## Your instructions
Retype the whole listing exactly. Leave out pictures.

Segment Start: Dataset extract

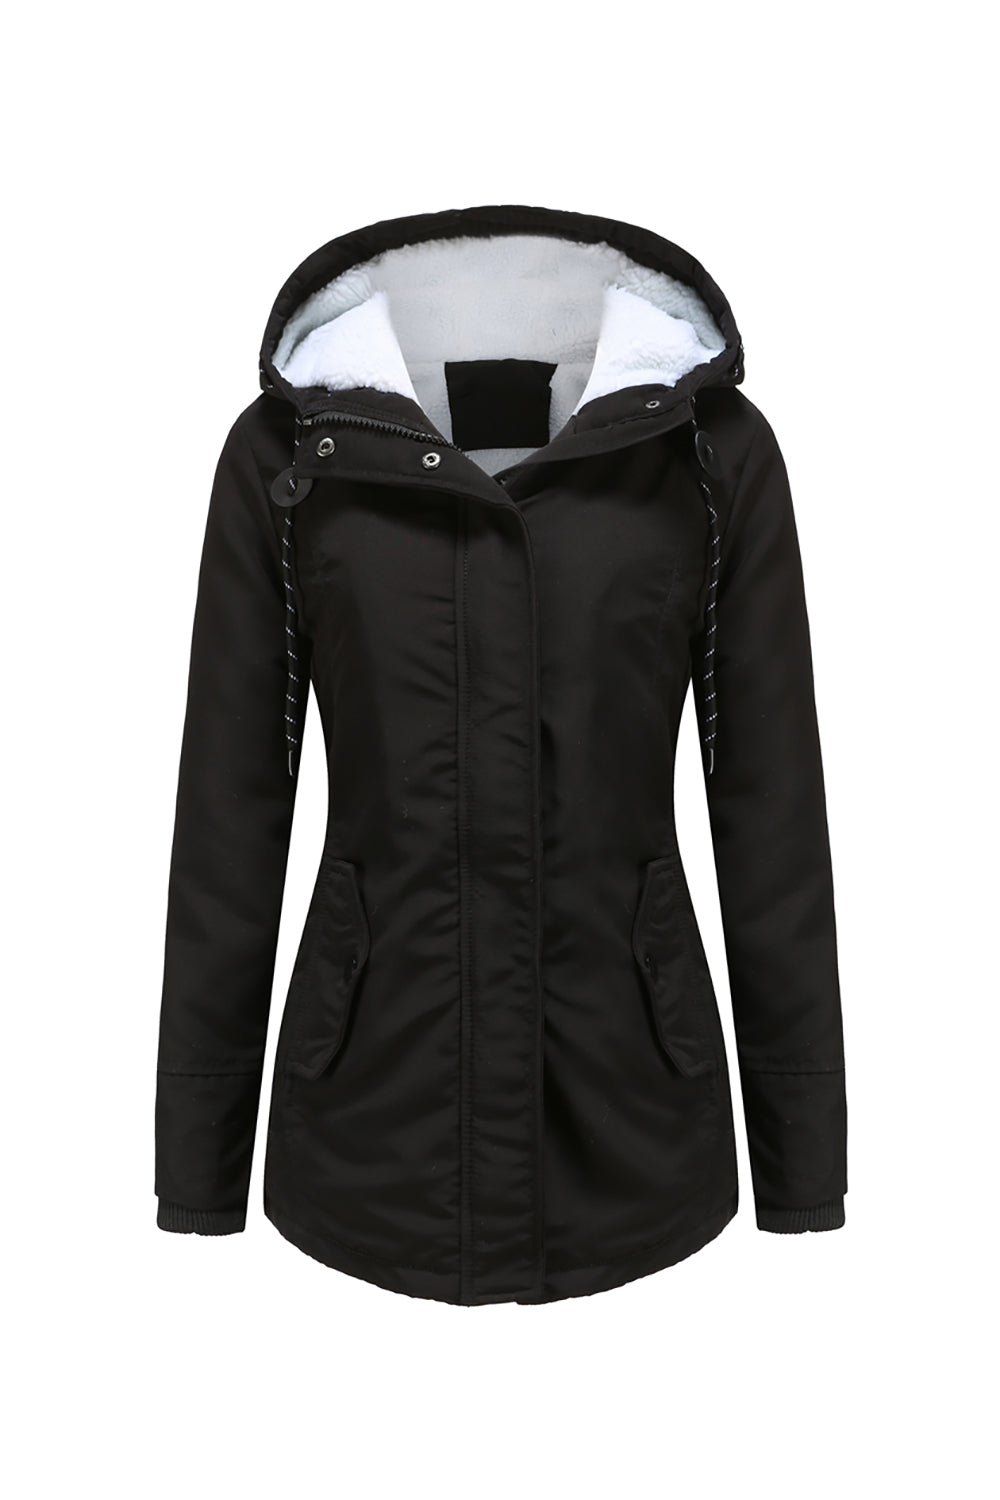 Winter Black Hooded Drawstring Zipper Thickened Padded Jacket
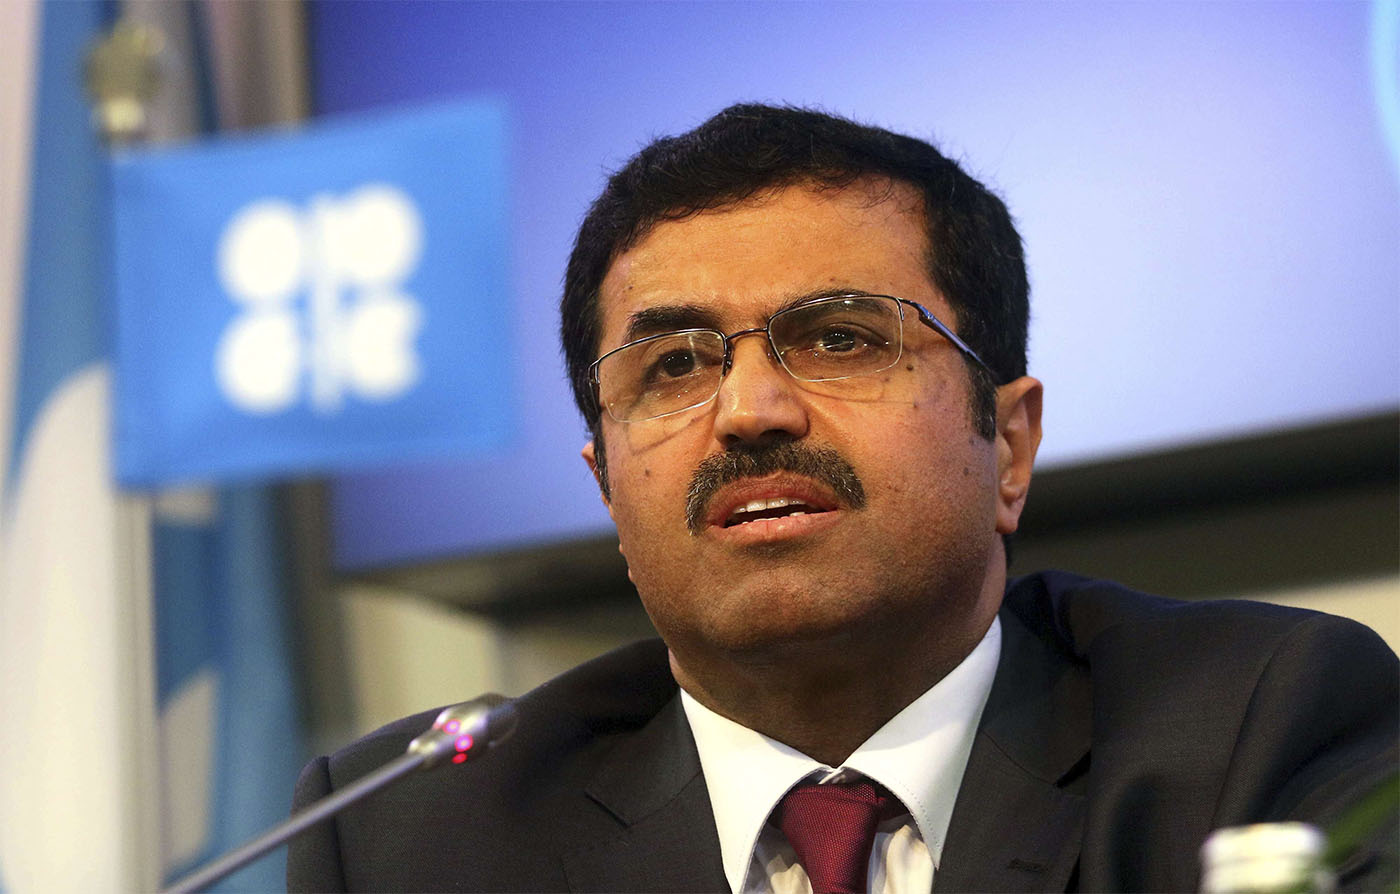 Qatar's Energy Minister Mohammed Bin Saleh Al-Sada
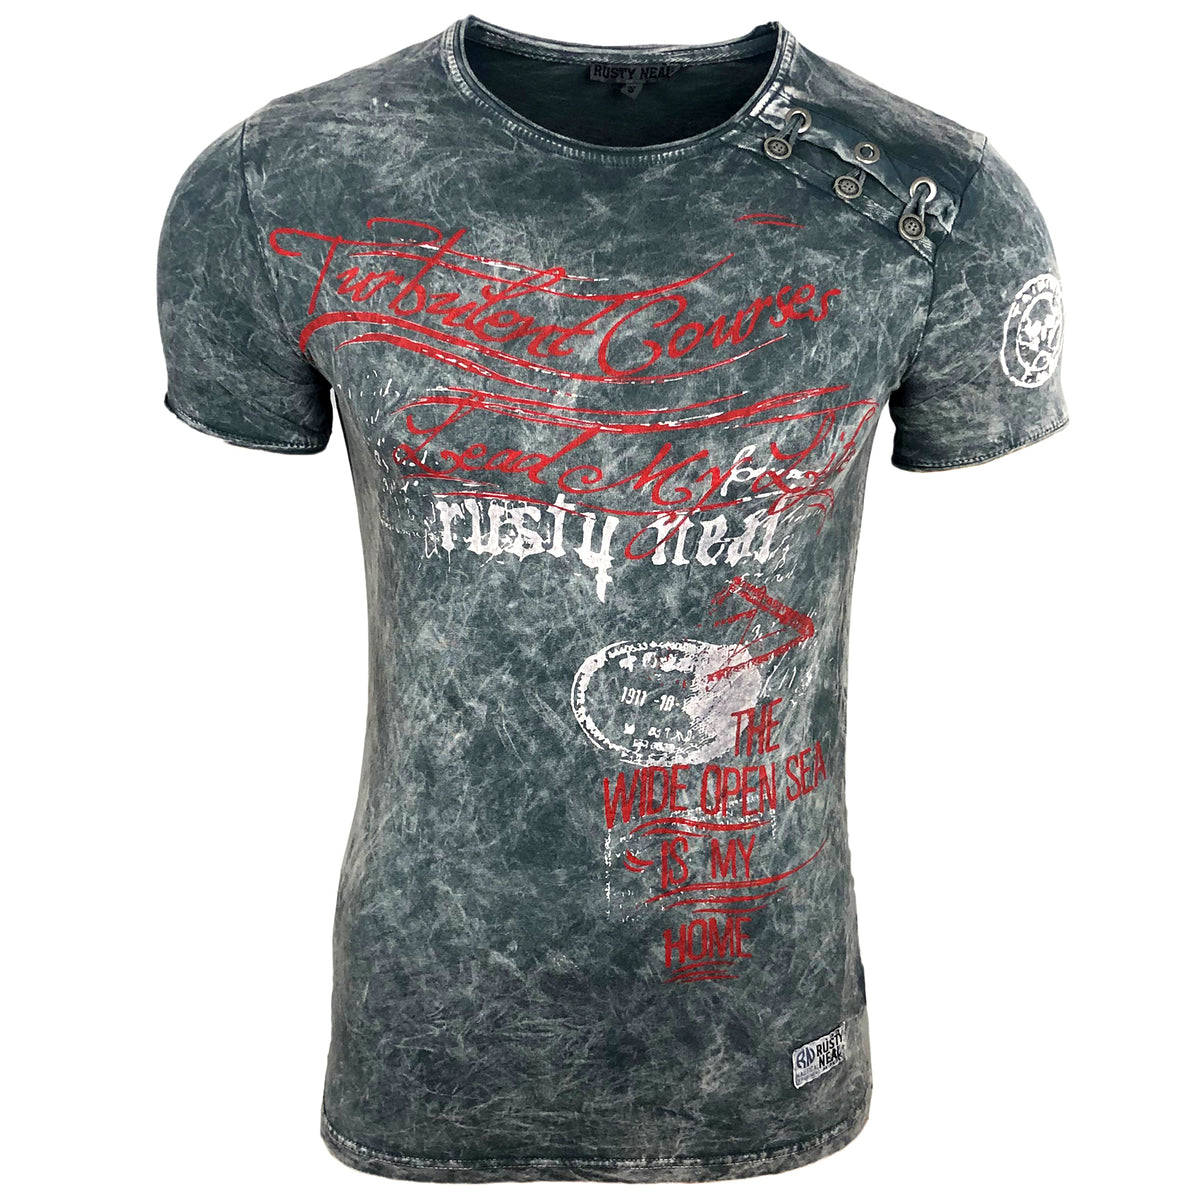 Rusty Neal Herren Shirt Kurzarm mit Print und Used Look

Segment End: Dataset extract

## The completed task
 Winter Black Hooded Drawstring Zipper Thickened Padded Jacket
 Qatar's Energy Minister Mohammed Bin Saleh Al-Sada
 Rusty Neal Herren Shirt Kurzarm mit Print und Used Look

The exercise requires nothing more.